== Activity ==
For this exercise, copy exactly only the lines from the one containing "Jacob Dahlgren I, the" to the final line of the material below, without the pictures.

== Data block ==
::::

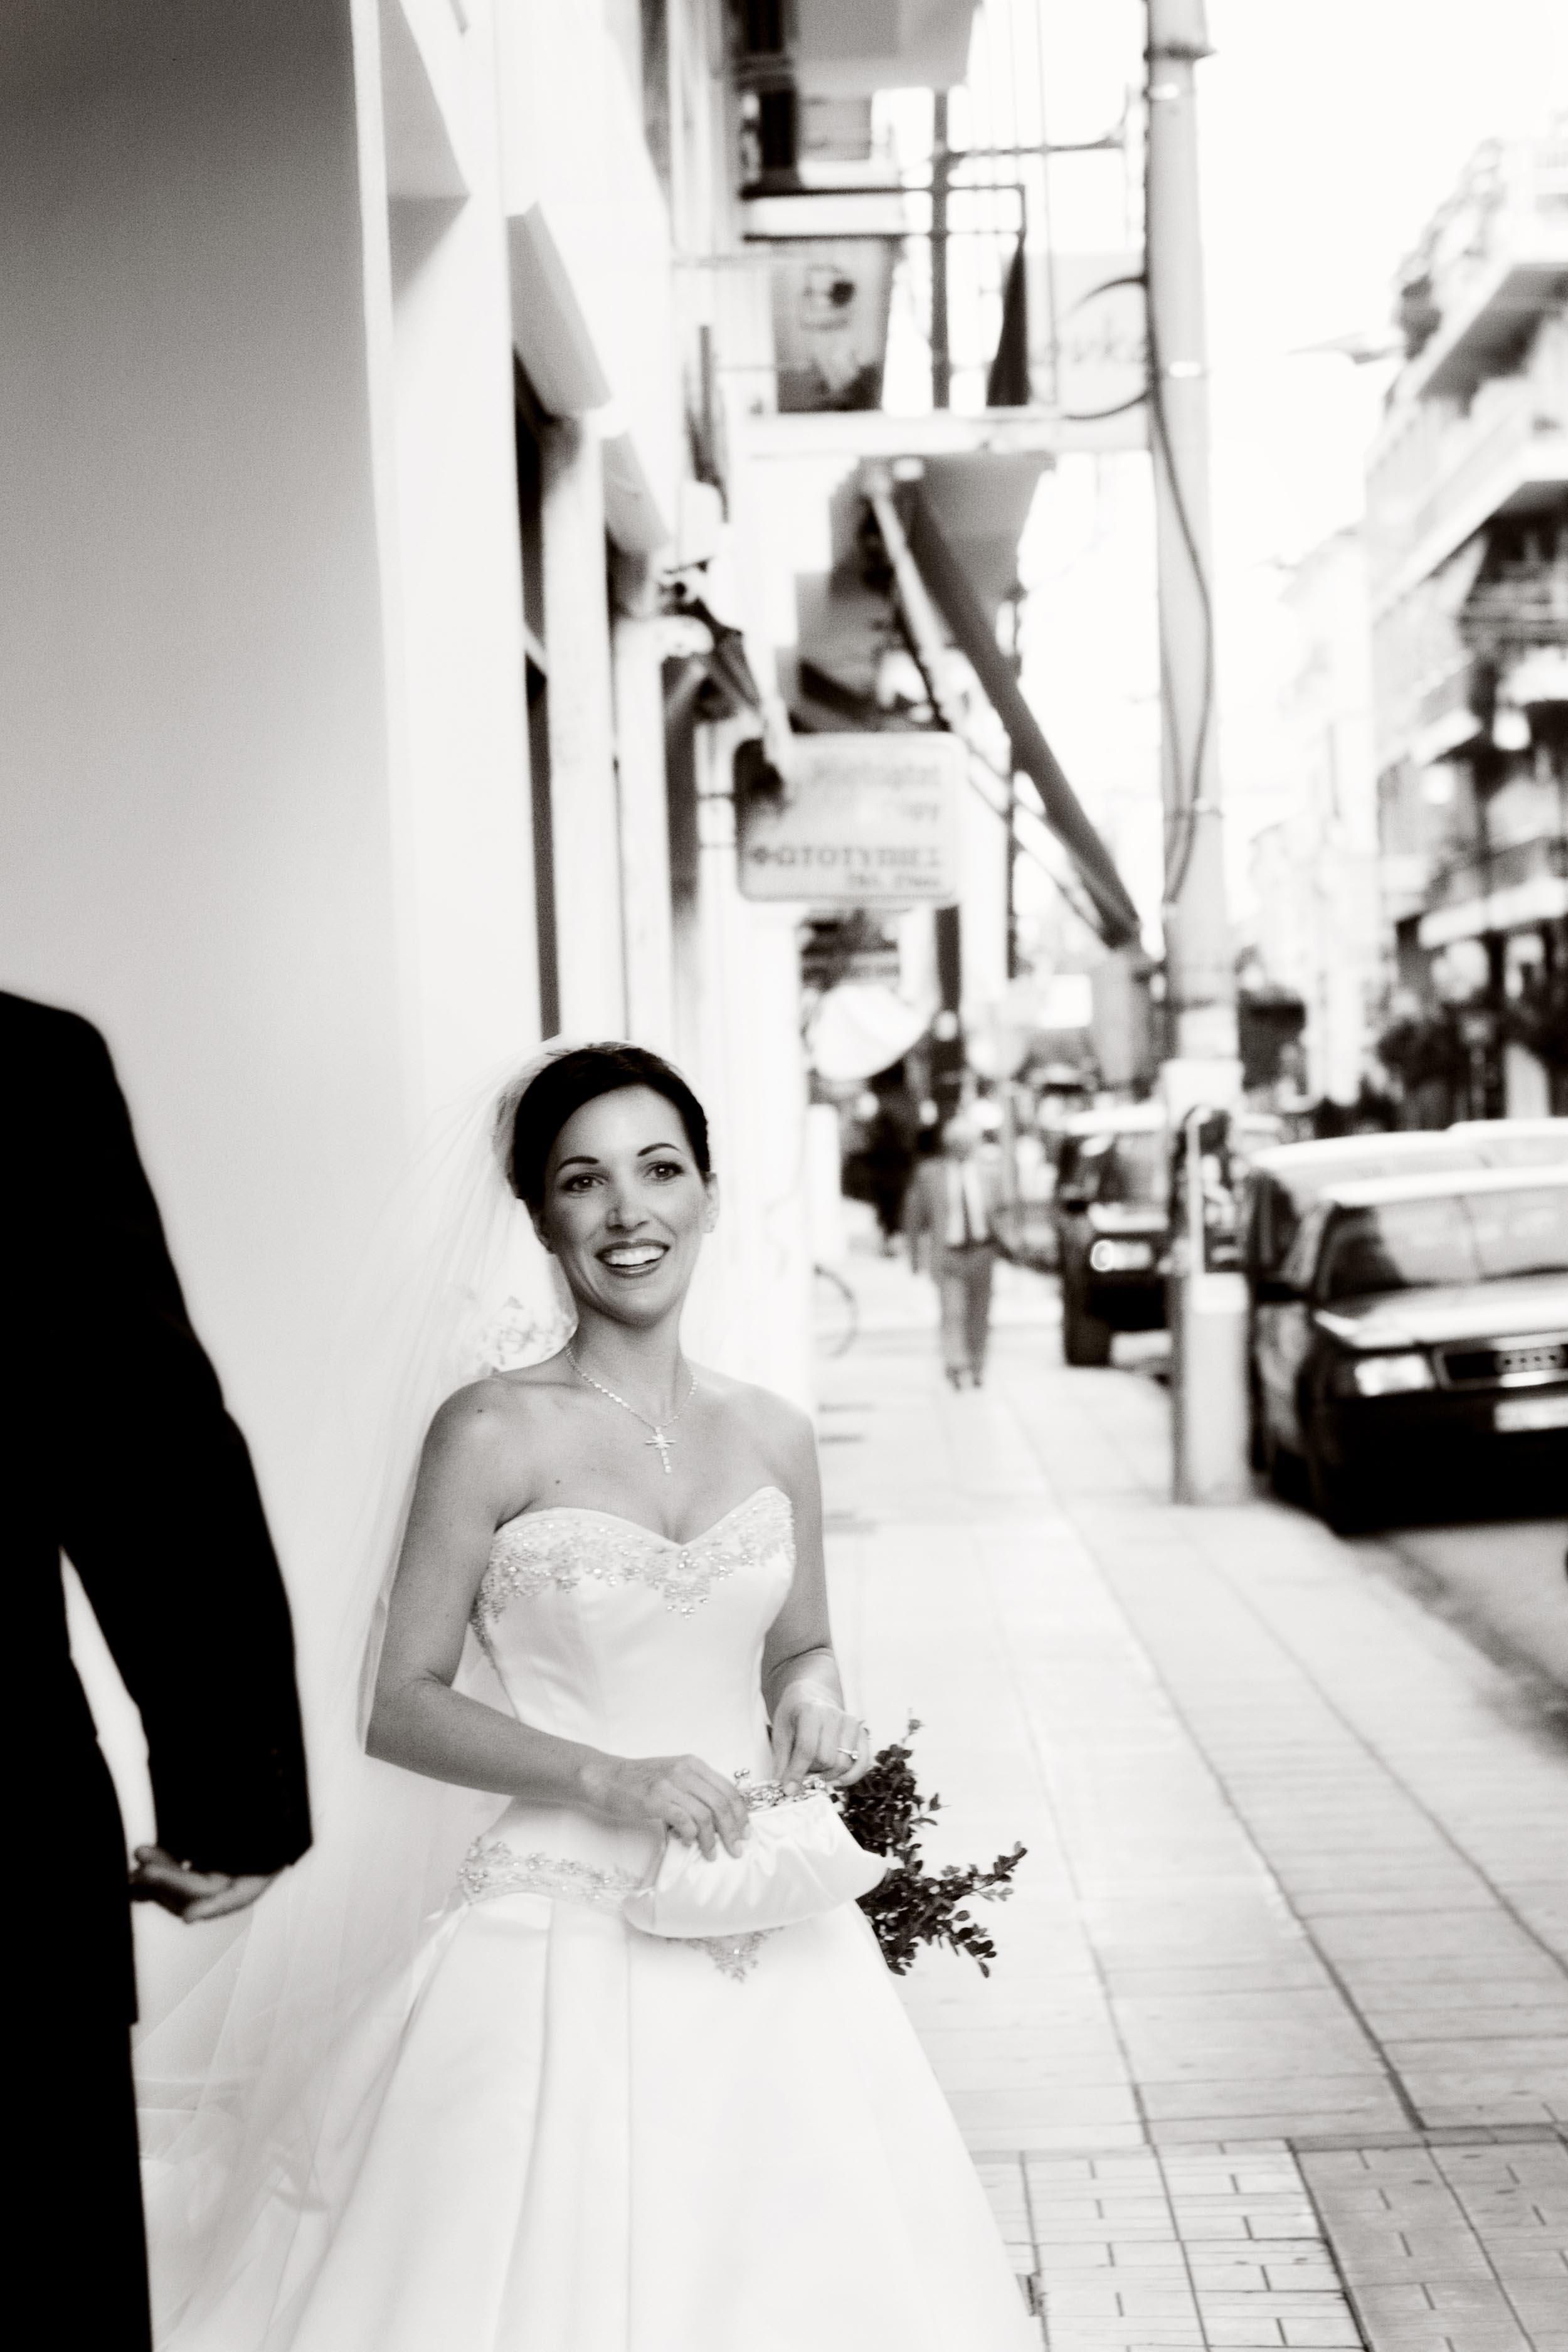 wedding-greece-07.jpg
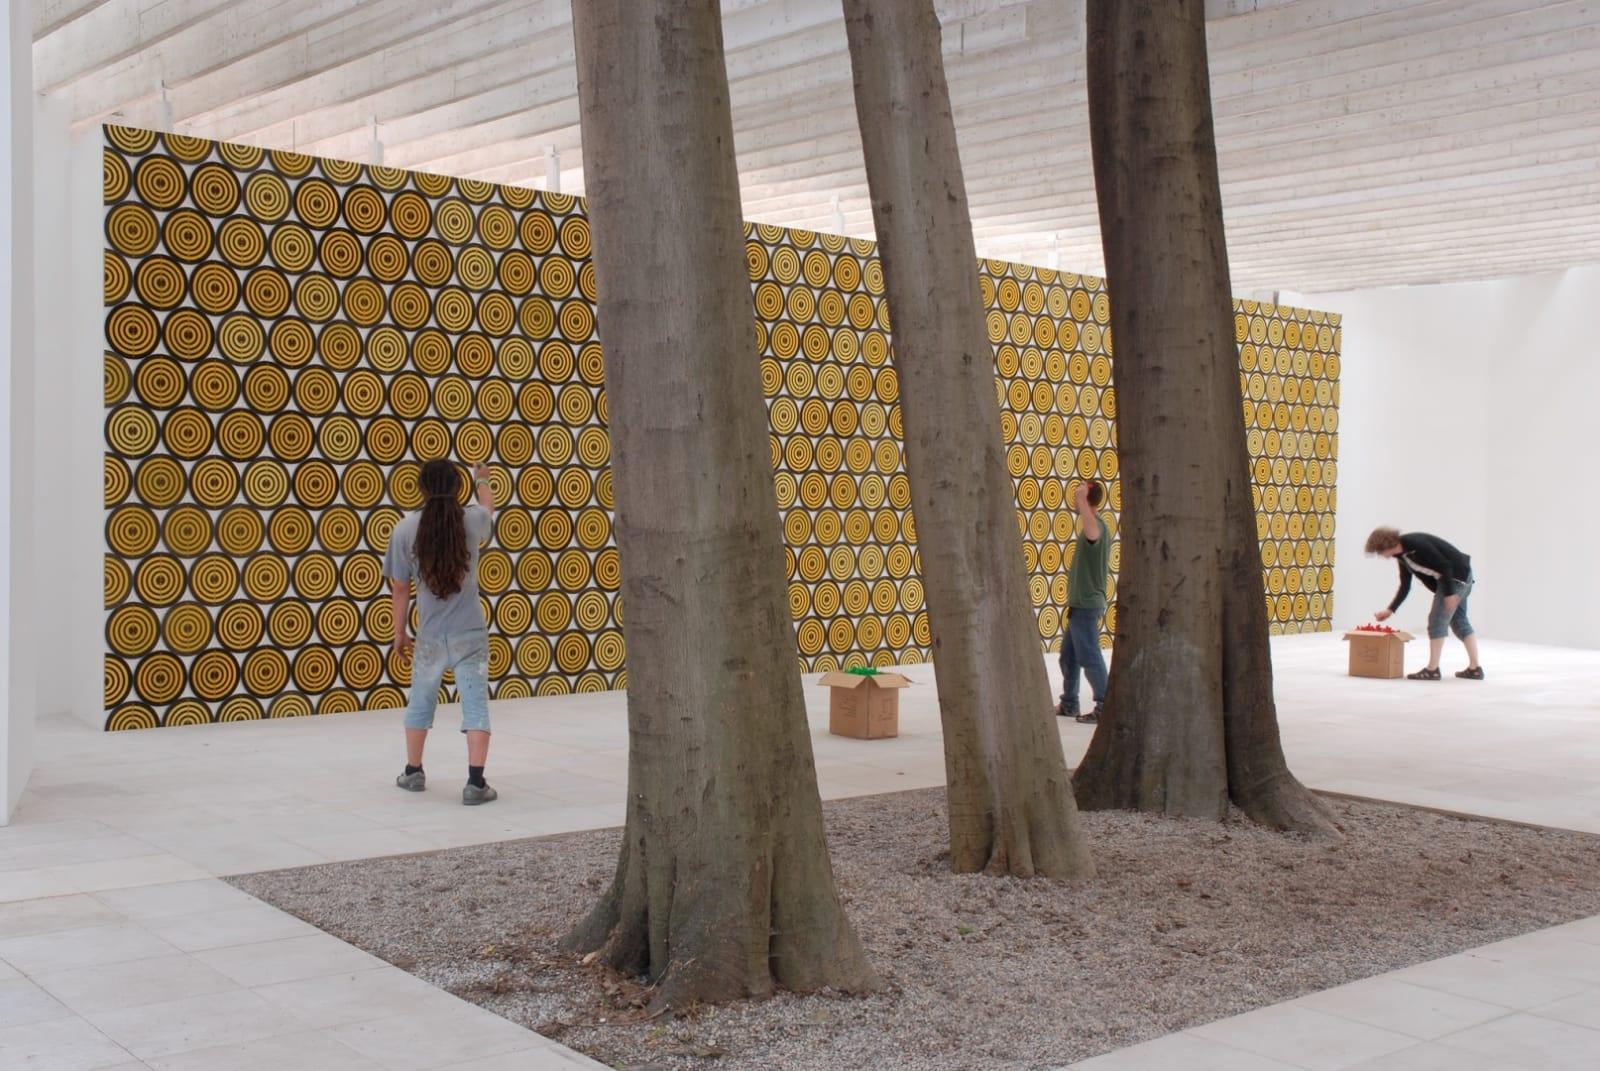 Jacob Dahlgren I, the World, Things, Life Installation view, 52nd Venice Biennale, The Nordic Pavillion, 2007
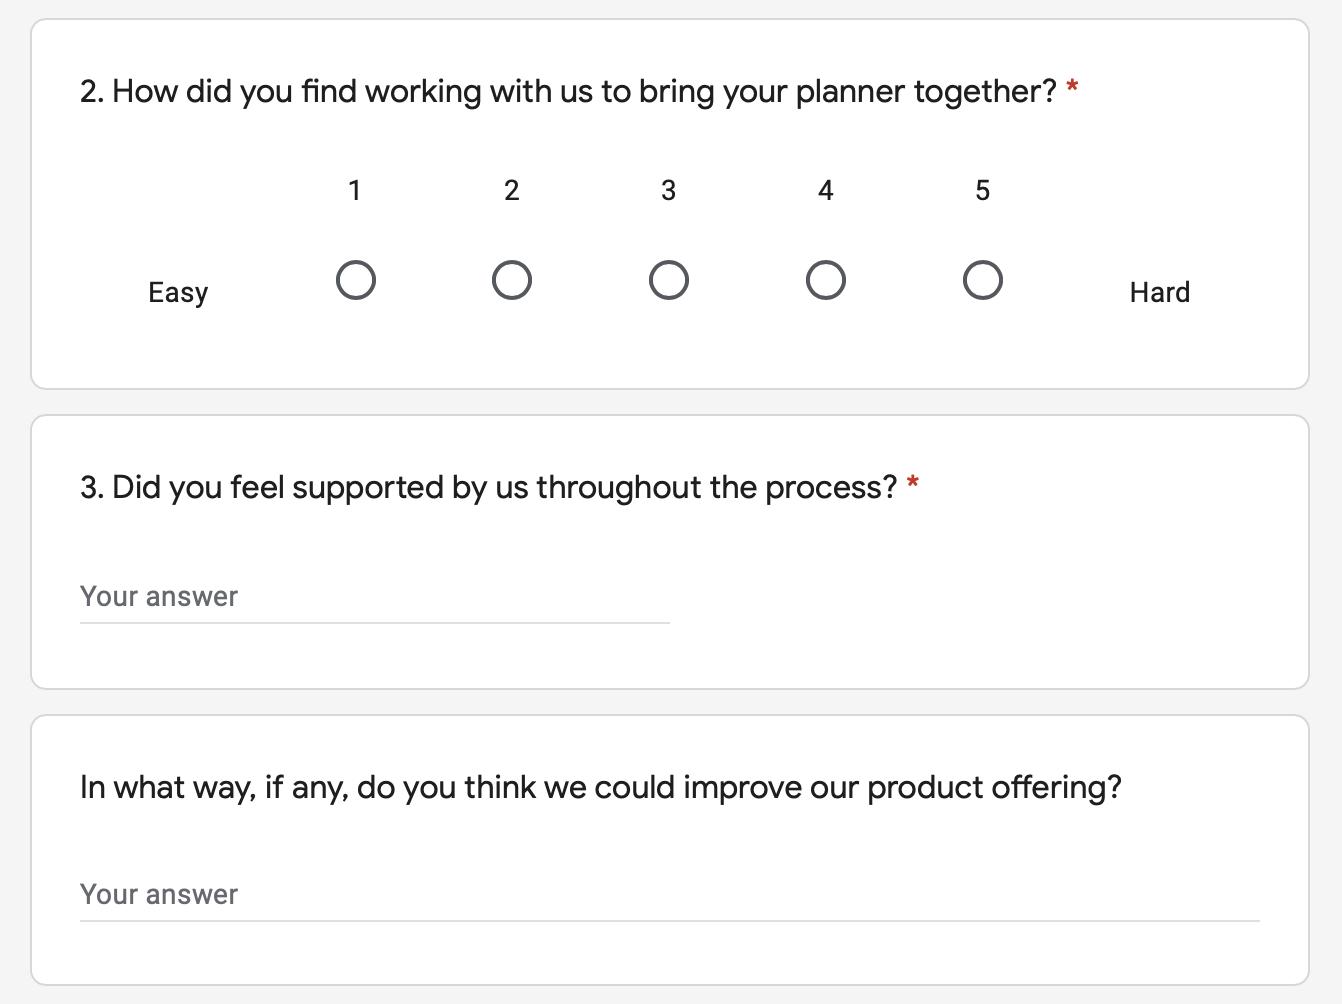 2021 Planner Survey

::::

== Task response ==
 Jacob Dahlgren I, the World, Things, Life Installation view, 52nd Venice Biennale, The Nordic Pavillion, 2007
 2021 Planner Survey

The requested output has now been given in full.